Abstract ID: 165 Assessment of RBED electron-impact ionization cross sections for Monte Carlo electron transport

Abstract

Electron-impact ionization cross sections for atoms and molecules are essential for the modelling of radiation effects in a wide range of applications. Current state-of-the-art theoretical calculations are based on the distorted-wave Born approximation (DWBA), which provides an improvement in accuracy and validity range over the plane-wave Born approximation (PWBA) by accounting consistently for exchange effects as well as the distortion of the projectile wave functions by the field of the target atom. However, numerical DWBA calculations are elaborate and slow, and tabulated data only exist for integrated cross sections, whereas differential cross sections are also needed in Monte Carlo simulations.
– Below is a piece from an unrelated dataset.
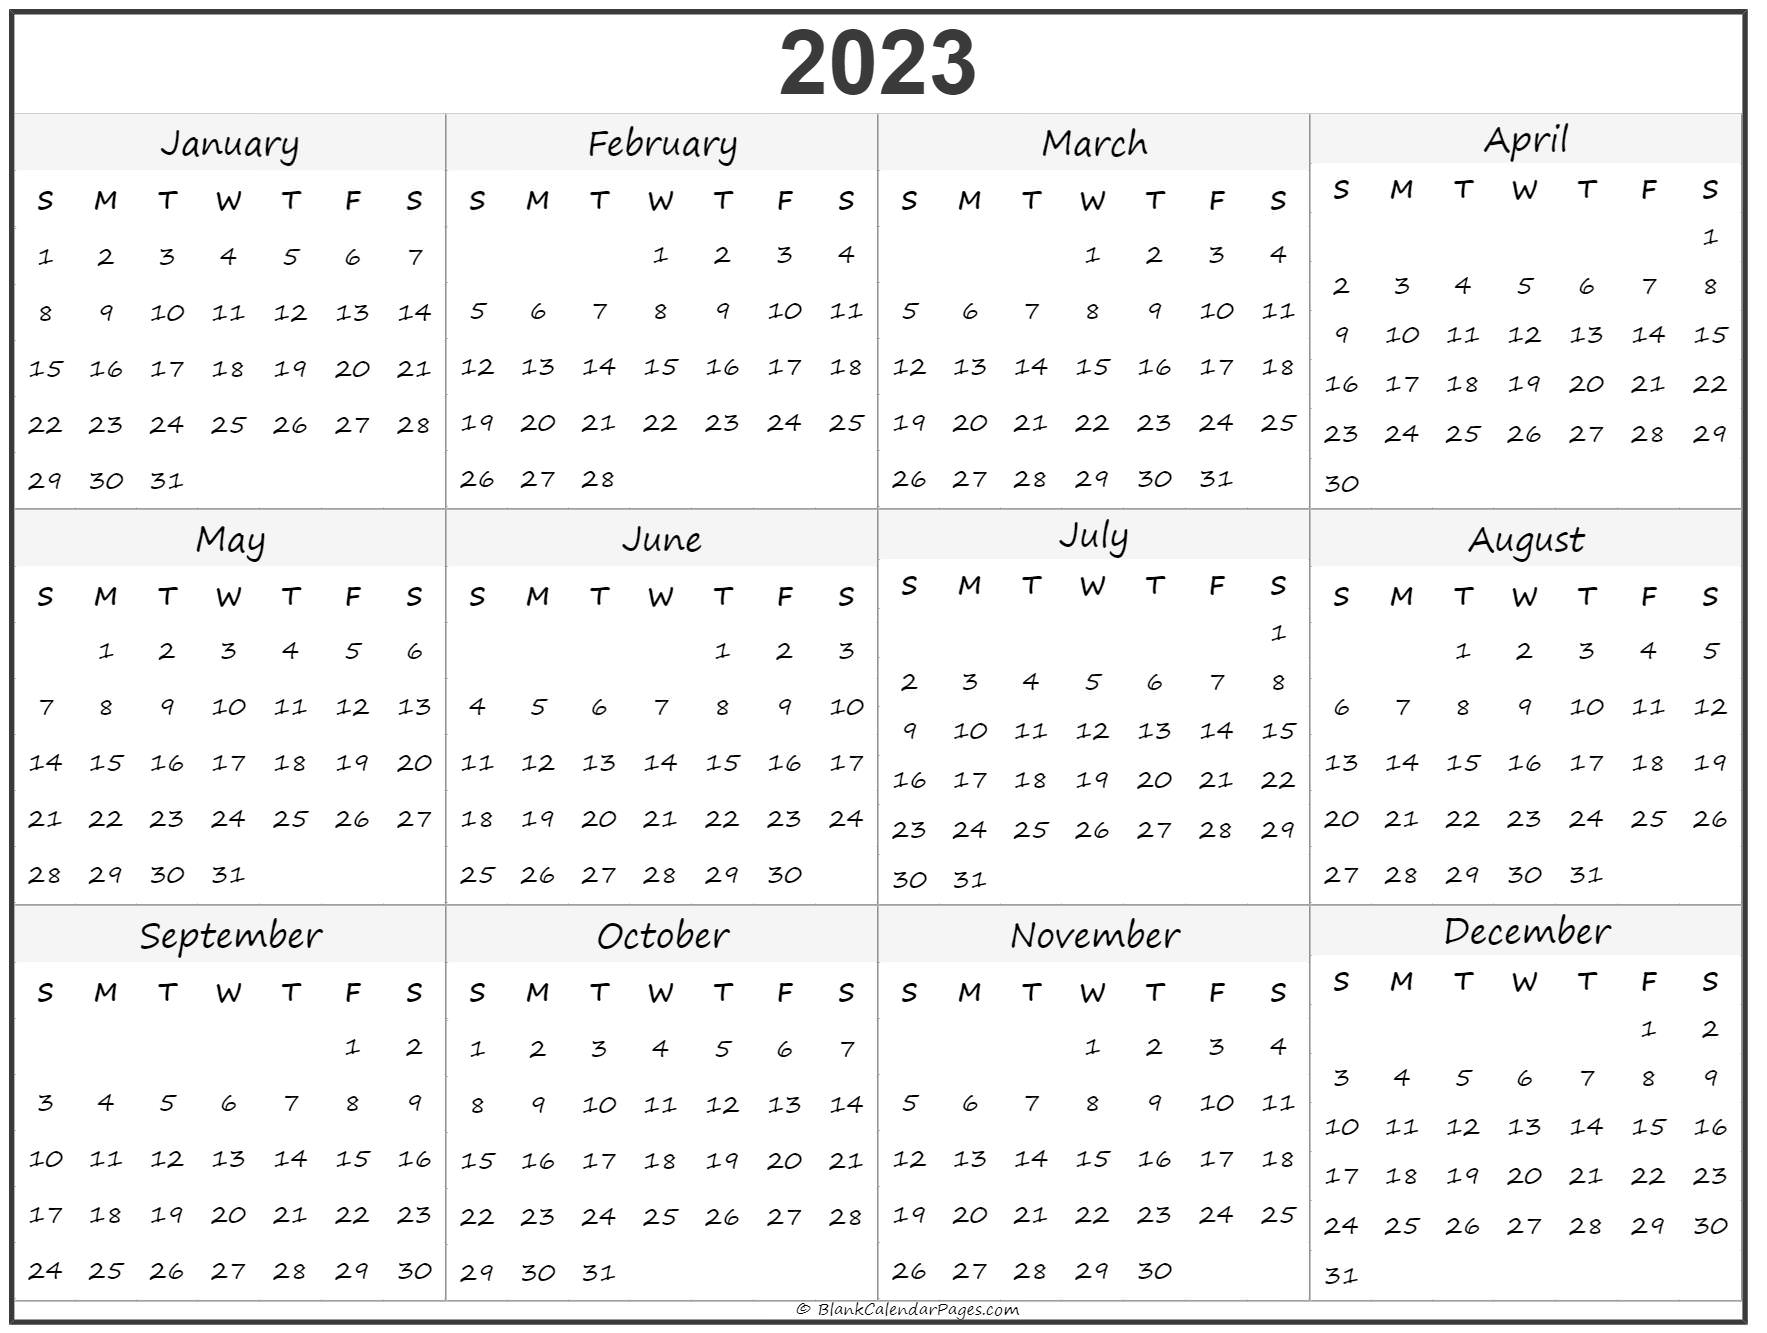 2023-calendar-templates-and-images-2023-calendar-pdf-word-excel-2023-printable-calendar-for

The relativistic binary-encounter-dipole (RBED) model combines classical binary-encounter theory with Bethe’s PWBA-based dipole model without the need for any empirical adjustable parameters [1] . The analytical RBED model provides integrated as well as differential cross sections and is much simpler than the DWBA [2] , requiring as input only the binding energy, average kinetic energy, and optical oscillator strength (OOS) for each atomic subshell. Due to the difficulty of obtaining accurate OOSs, simplified models (known as RBEB and RBEQ) which assume a simple functional form for the OOS have also been proposed, and have been employed almost exclusively in studies since then. Here we calculate electron-impact ionization cross sections for a set of atoms spanning the periodic table using the more accurate RBED model, relying on OOSs obtained numerically with self-consistent potentials as described in [3] . Compared to RBEB, we find that the RBED results show better agreement with DWBA data for the K-shell of all atoms and over the entire energy range. The improvement is more pronounced for lower-Z elements, where the agreement between RBED and DWBA is near perfect. For higher shells, there is also better agreement at high energies for all elements, but near the threshold the improvement is less consistent and depends on the specific atomic shells. The disagreements between the RBED and DWBA cross sections near the threshold are due to the interplay between Coulomb and exchange effects, and highlight the limitations of using semi-empirical scaling factors. In the near future we will compile tables of RBED data for biologically-relevant elements, and ultimately implement them in Monte Carlo track-structure codes.